Salix tells me what my choices might mean during installation and updates, and when it refused to boot after I made a stupid decision, I should have known. Silly spoon-fed Ubuntu user and Slackware rookie.

But y’know what? I think I’m just gonna leave Salix on my old ancient relic desktop computer for good. I’m probably all done messing around with other distros, at least on this particular computer. Here are my reasons:

It’s Slackware-based and fully compatible with it’s parent distro, unlike most of the other Slackware-based “lightweight” distros. This means it has Slackware’s legendary stability and reliability, and ultra-mega-super-duper-uber-long-term support.

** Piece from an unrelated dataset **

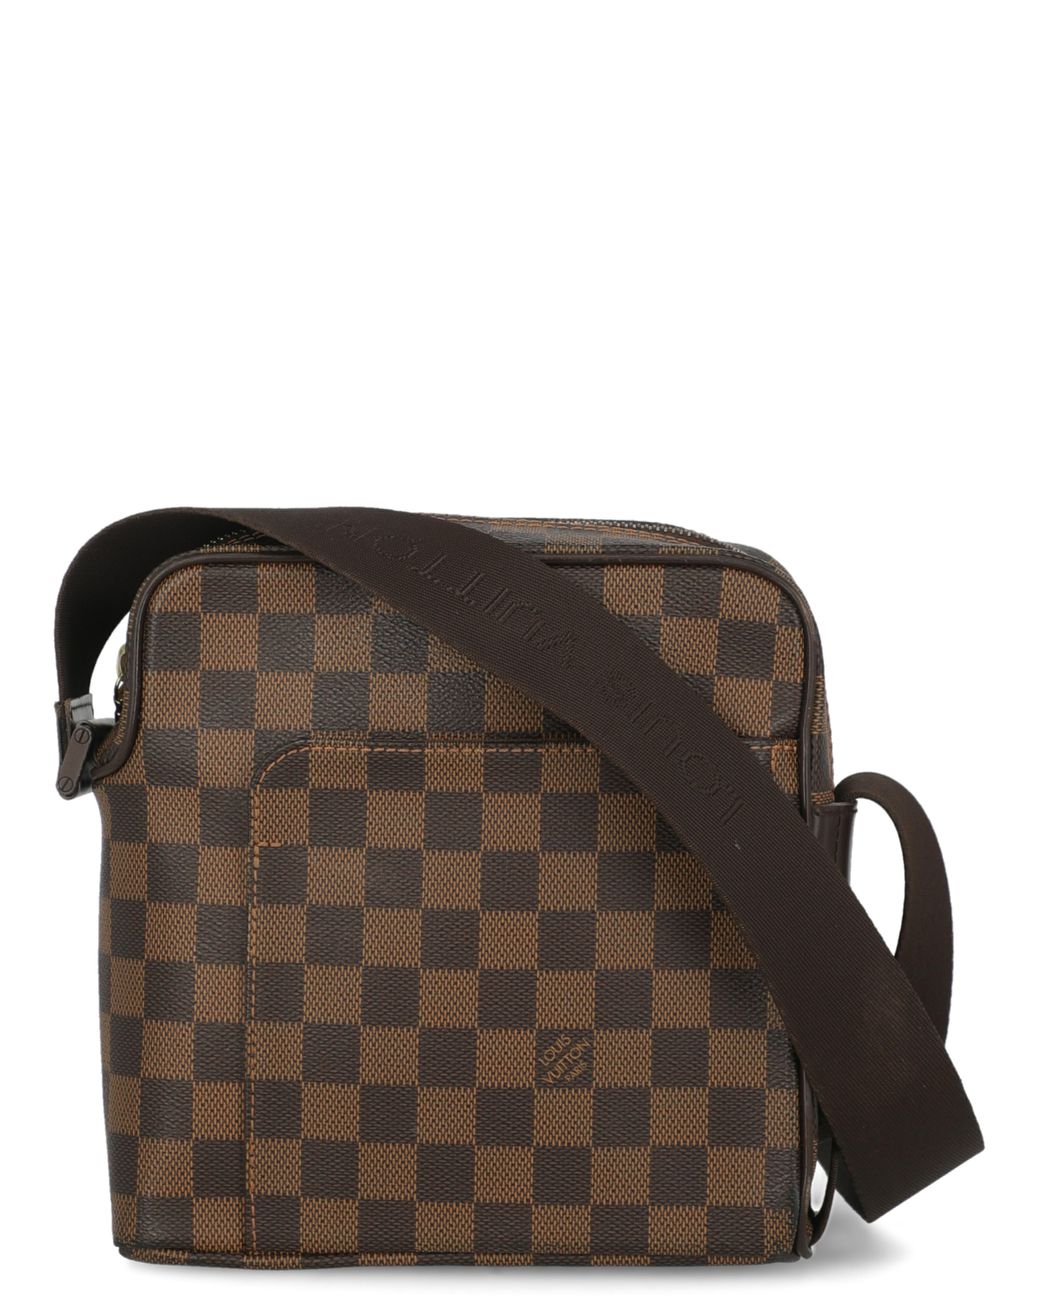 Louis Vuitton Used Cross Body ! Brown - $200 (33% Off Retail

It’s super simple! In keeping with the whole Slackware philosophy – and Linux philosophy, for that matter. One application per task. Do one thing and do it well. Stay the heck out of the user’s way.

It’s systemd-free.
I know, before you jump all over me about it, I’ve read all the debates and I think I’ve probably never personally had any issues with systemd, except that even my beloved Xubuntu began to slow down over time (almost like “Windows rot”) and had to be rebooted regularly just to refresh it and dump cache and stuff. It didn’t do that before Ubuntu (and thus Kubuntu, Xubuntu, Lubuntu, Mint, and all their derivatives and spin-offs and remixes) adopted systemd, so I wonder if that might be part of the reason. The “one ring to rule them all” feature of systemd is counter to the “do one thing and do it well” principle that has made Linux so awesome to begin with (until recently). I don’t reboot Salix. I don’t need to. Could systemd be the reason? I don’t know, but it sure is nice not to have the gradual loss of speed over time that I experienced with Xubu and other old favorites.

Yeah, he’s talking to systemd.

Salix doesn’t include kernel updates by default. Why should they? The installed kernel works fine, it’s secure, and my computer doesn’t need support for all kindsa features it doesn’t even have. It ain’t broke, no need to fix anything. The only thing I change is the wallpaper occasionally, or fonts and stuff. It’s perfectly boring, as it should be.

My distro-hopper-stopper is Salix.

I haven’t tried it on the laptop yet, but that’s another post for another day.